We have that $1\in R$ and $e^2=e\in R$.

So, $1\cdot e^2\in P \Rightarrow e^2\in P$, since $1\notin P$.

Since $e^2=e$, we also have that $e\in P$.

Does this imply that $e^2=e\in P$ ?

Answer 1

You can't assume $e^{2}$ $\in$ $P$. However $0$ $\in P$ and since $e^{2}-e=0$ $\in$ $P$, we have either $e$ $\in$ $P$ or $e-1$ $\in$ $P$. In either case we are done (why?).

Answer 2

Hint: $e^2=e$ implies $e(e-1)=0$.

Answer 3

No. In $1\cdot e²\in P$ you assumed that $e²=e\in P$, but this is the thesis.
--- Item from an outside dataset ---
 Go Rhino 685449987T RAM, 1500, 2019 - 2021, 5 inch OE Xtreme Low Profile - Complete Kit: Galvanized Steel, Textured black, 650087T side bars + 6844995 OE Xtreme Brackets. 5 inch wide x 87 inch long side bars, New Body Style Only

Since $e²=e$, then $e²-e=e(e-1)=0$. Therefore $\overline{e(e-1)}=\overline{0}$ in $R/P$. If $P$ is prime, $R/P$ is a domain; so $\overline{e}=\overline{0}$ or $\overline{e-1}=\overline{0}$. If $\overline{e-1}=\overline{0}$, we have $e-1\in P$ and $$(1-e)²=(e-1)²=e²-2e+1=e-2e+1=1-e\in P.$$ If $e\in P$, done. We prove that every prime ideal in $R$ contain an idempotent element.